When you grow up in a two-story house with a 30-year mortgage in the middle of suburbia, the concept of owning land is pretty lost on you. I’m still a college student, so owning property in general isn’t something I could immediately relate with. It took a trip to the Sandhills for me to understand how deeply connected these ranchers are with the land.
The Sandhills are not just a place and the residents are not just people who live there. Their connection is much deeper and far more intimate. The ranchers nurture the land, and in turn, it provides life.
If there is such a thing as true love, you can see it when these landowners talk about the Sandhills. It is their everything. It is the legacy that was left to them and that they hope to leave to their children and grandchildren. No one knows this loosely populated and overlooked landscape as completely as these ranchers.
The Keystone XL pipeline would be a permanent scar on the face of this majestic ecosystem and the livelihood of these landowners. It would not just be a nuisance during construction. It is a permanent threat to their way of life.
The Sandhills are an incredibly delicate system. For the most part, they are prairie grass precariously holding down sand that just barely sits above the Ogallala Aquifer. It doesn’t take much to tear up the grass and permanently scar the land with a huge blowout. You can still see blowouts from 50, 60 and 70 years ago where the grass has never grown back over the sand.

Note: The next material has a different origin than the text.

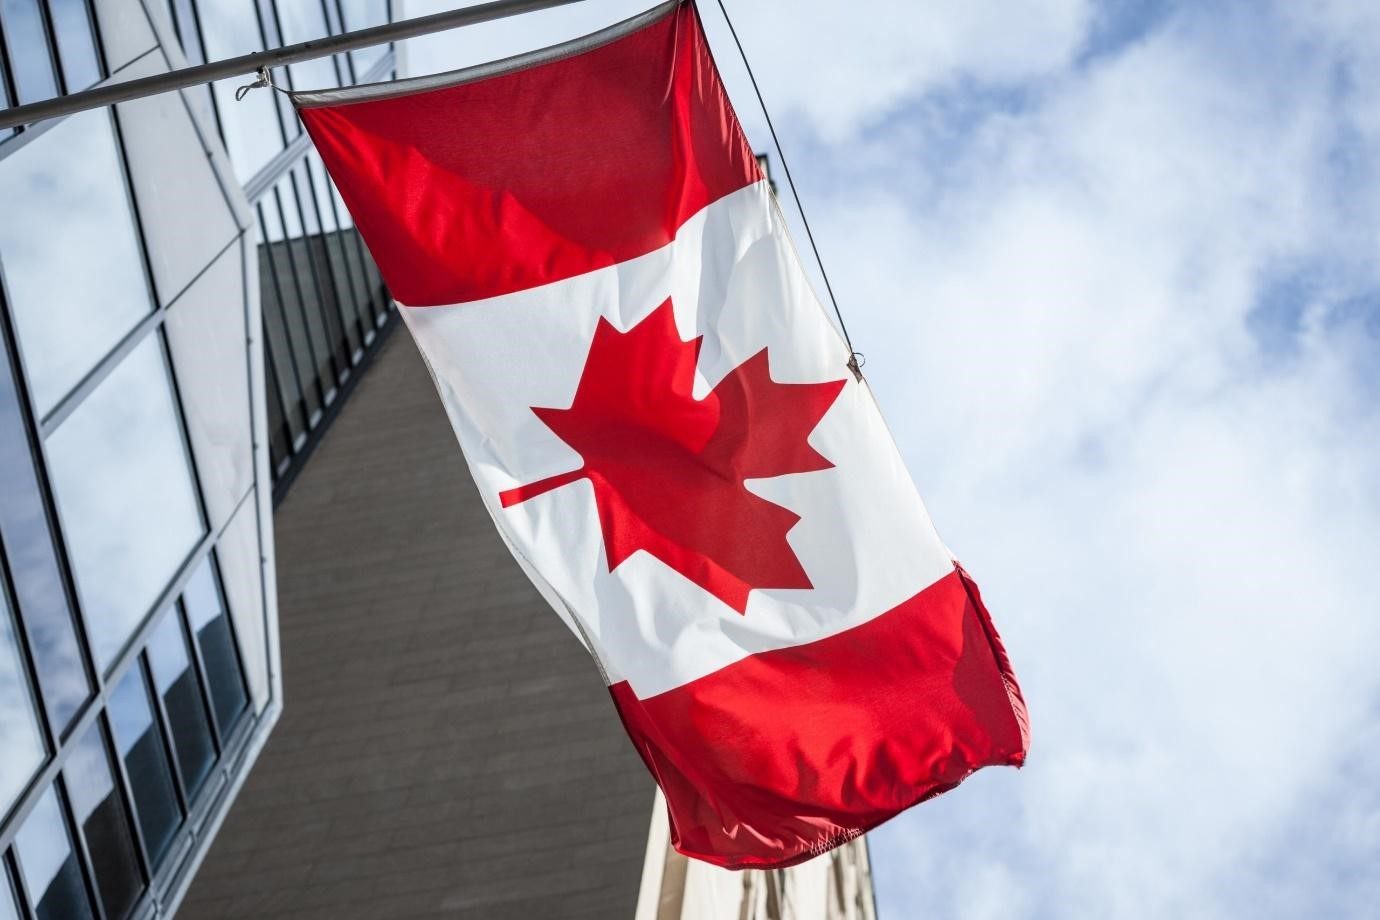 مدن كندية تطلب مهاجرين,برنامج express entry,الهجرة العائلية إلى كندا,كيف يمكنني الهجرة الى كندا,برامج الهجرة إلى كندا,هجرة إلى كندا,أفضل مكاتب الهجرة إلى كندا,أنواع الهجرة إلى كندا,وزارة الهجرة الكندية,موقع الهجرة الكندية,وزارة الهجرة الكندية الموقع الرسمي,التقديم للهجرة الى كندا,الفيزا إلى كندا,التسجيل في قرعة كندا 2023,التسجيل في قرعة كندا 2024,تقديم طلب هجرة إلى كندا اون لاين,اريد الهجرة إلى كندا مع عائلتي,موقع الهجرة إلى كندا,الموقع الرسمي للتسجيل في الهجرة إلى كندا,الهجرة إلى كندا 2023,الهجرة إلى كندا 2024,اريد الهجرة إلى كندا مجانا,كندا,الاقامة في كندا,تكلفة الهجرة إلى كندا,تكلفة المعيشة في كندا,اللجوء إلى كندا,اللجوء لكندا,السفر لكندا,المعيشة في كندا,الفيزا لكندا,سعر الفيزا لكندا,العيش في كندا,فيزة كندا,الهجرة إلى كندا,شروط الهجرة إلى كندا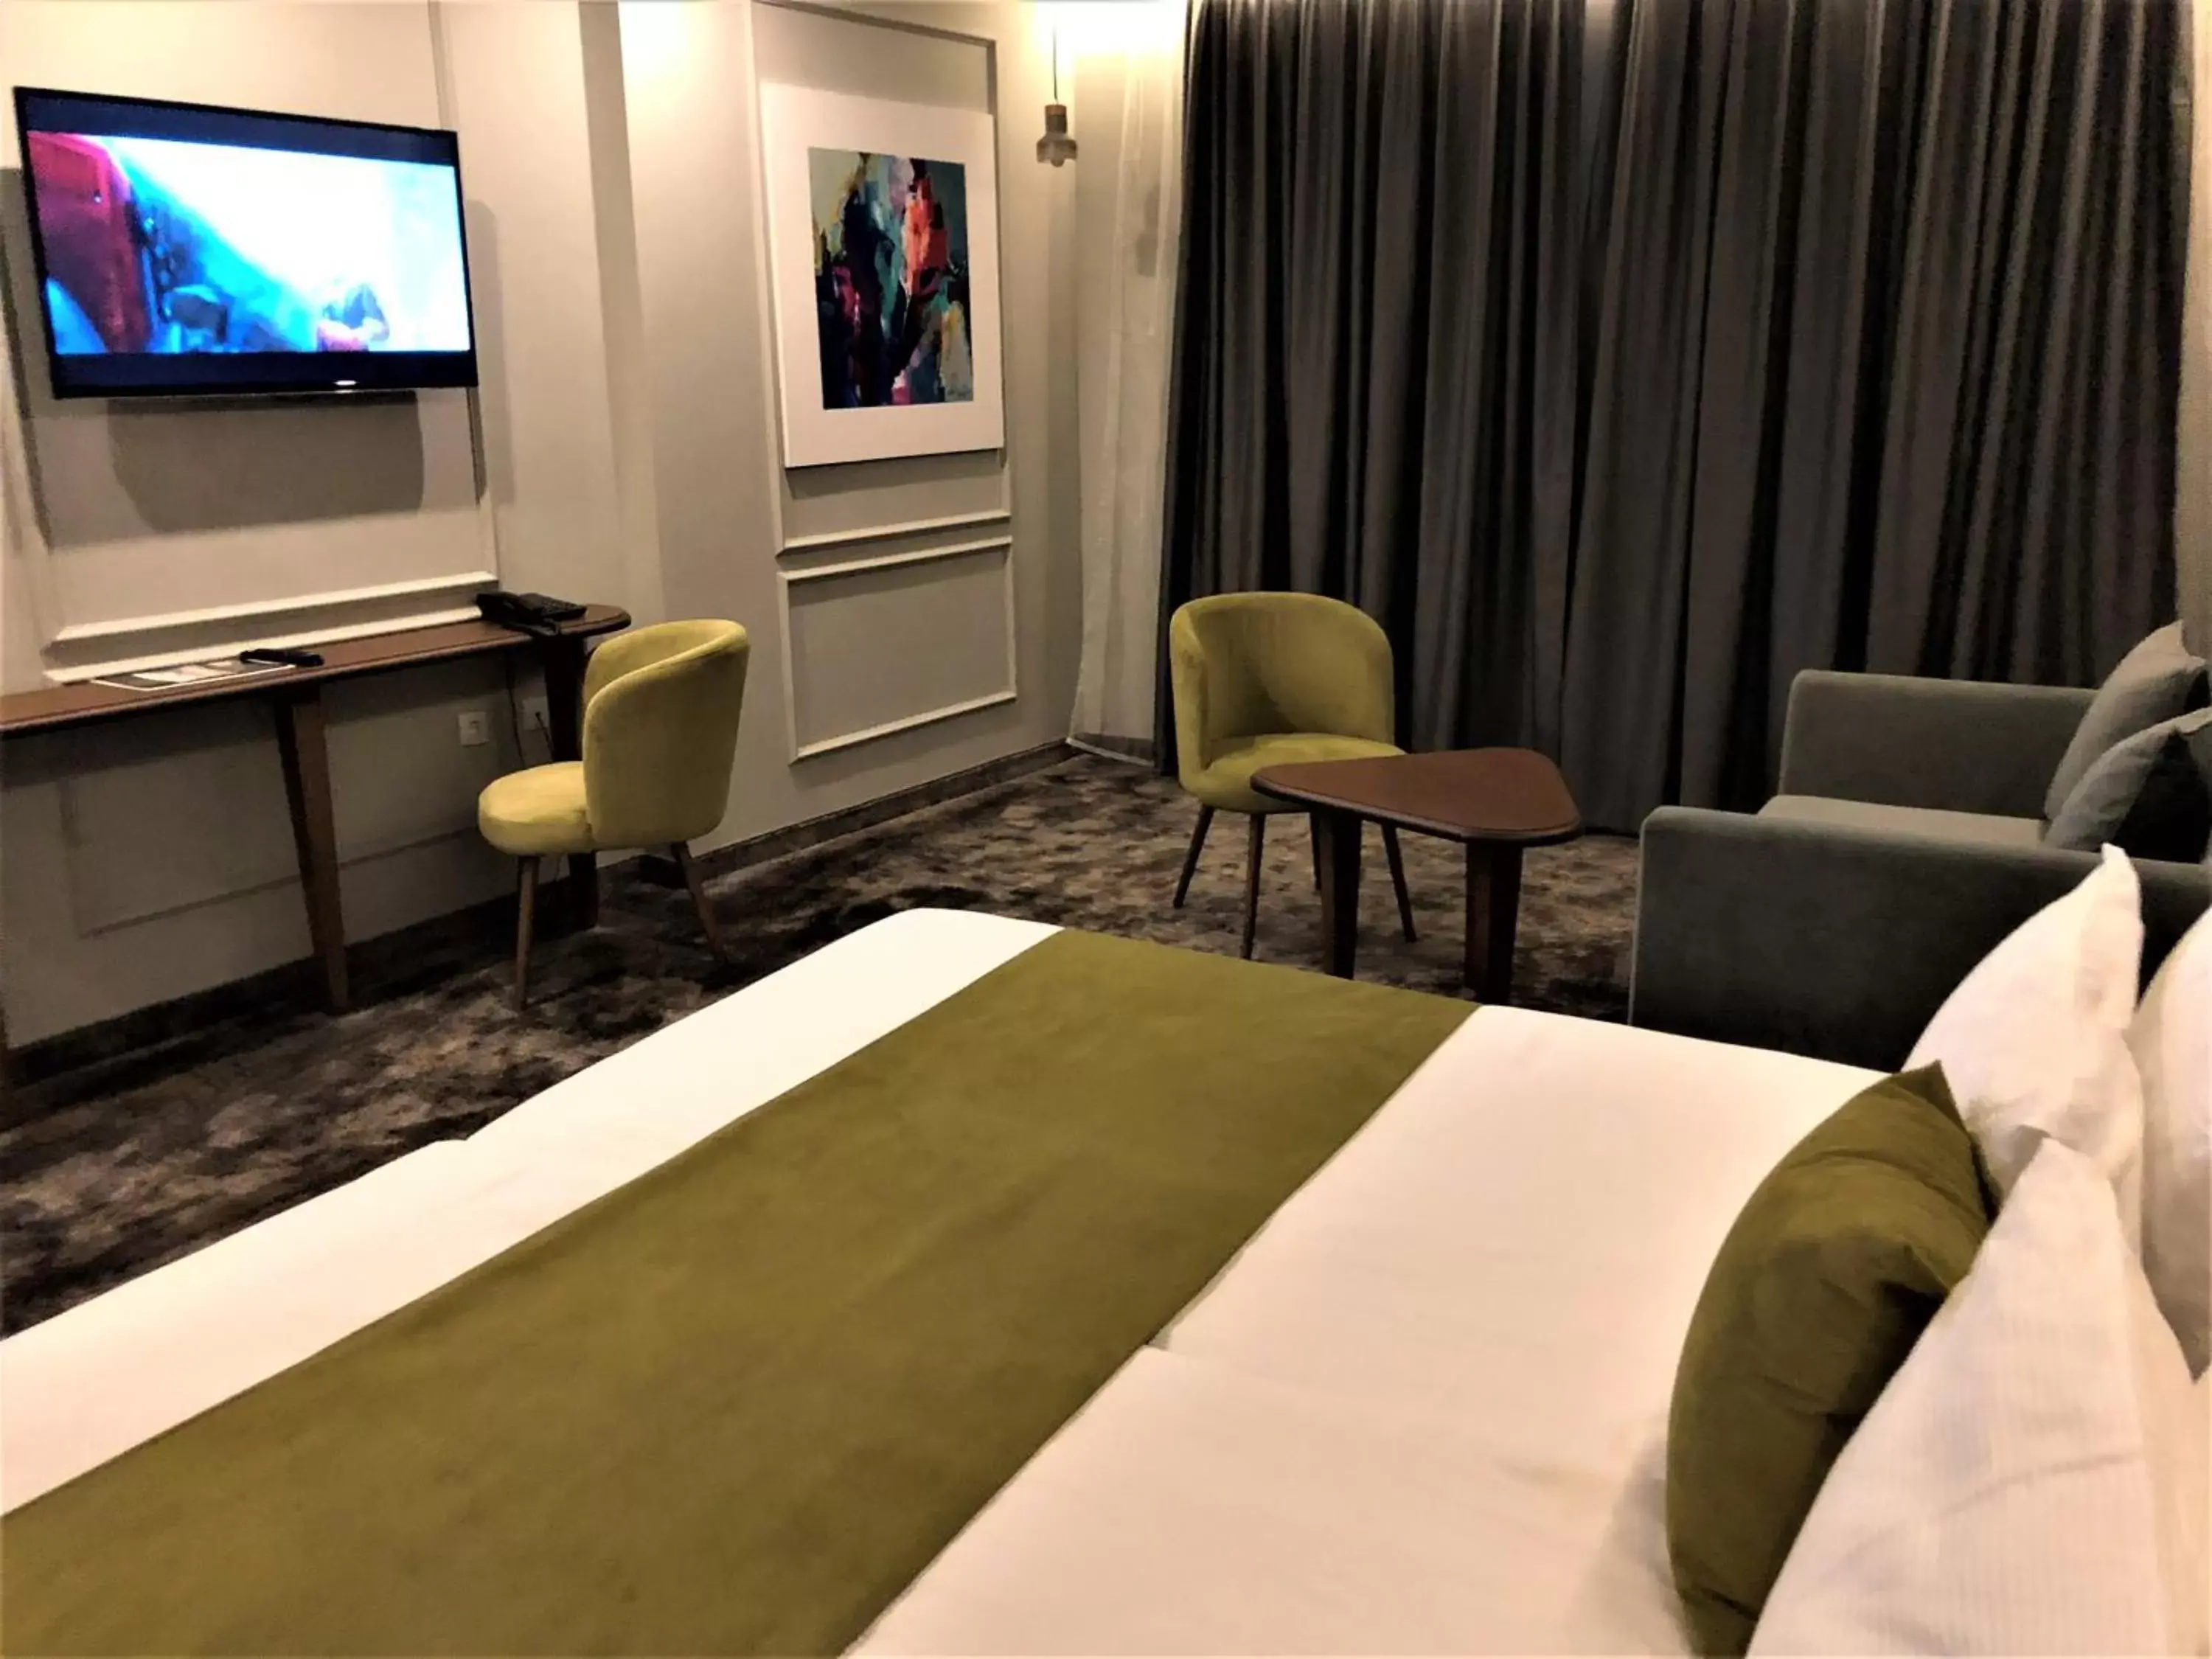 Bedroom, TV/Entertainment Center in Medite Spa Resort and Villas

In such a vast landscape, it’s easy to take the open space for granted. But nothing is wasted here. Every inch of land is used for a purpose. Every square foot of land lost is a permanent loss of productivity to these families.
On my trip to the Sandhills, I was lucky enough to meet a variety of individuals. First there was Teri Taylor, a grandmother who owns one of the largest cattle herds in Holt County and has ranch land in two other counties. On the opposite end of the ranching spectrum was Jerry Gotschall who runs an organic, grass-fed beef and dairy operation. These two probably don’t agree on much on any given day of the week. But they are vehemently opposed to the Keystone XL.
You cannot stop your heart from breaking when Teri talks about her fear that a leak could ruin the ranch her family has worked so hard to build and that she wants to leave to her children. And when Jerry talks about his sons moving out of state to try and earn a living ranching elsewhere, you become infuriated at the politicians who have abandoned economic development in Holt County.
It takes a special kind of people to stay and make their living in the Sandhills. Not everyone who wants to live there can (Jerry’s sons are proof of that). Not everyone has the tenacity to get up every day, even on Sunday, and feed the cattle before noon. Ranching here is more than a job; it is a way of life. The people here are more than just landowners; they are the heart of this land. It lives in them, and they are rooted deep in it.
The pipeline is not just a nuisance to some landowners and a threat to some grass, birds and the aquifer. It is a dagger pointed at the heart of this place. I may be a city slicker who doesn’t understand much about roping or cattle drives, but I have seen the indescribable love that these people have for the Sandhills. It’s something worth protecting, no matter where you’re from.”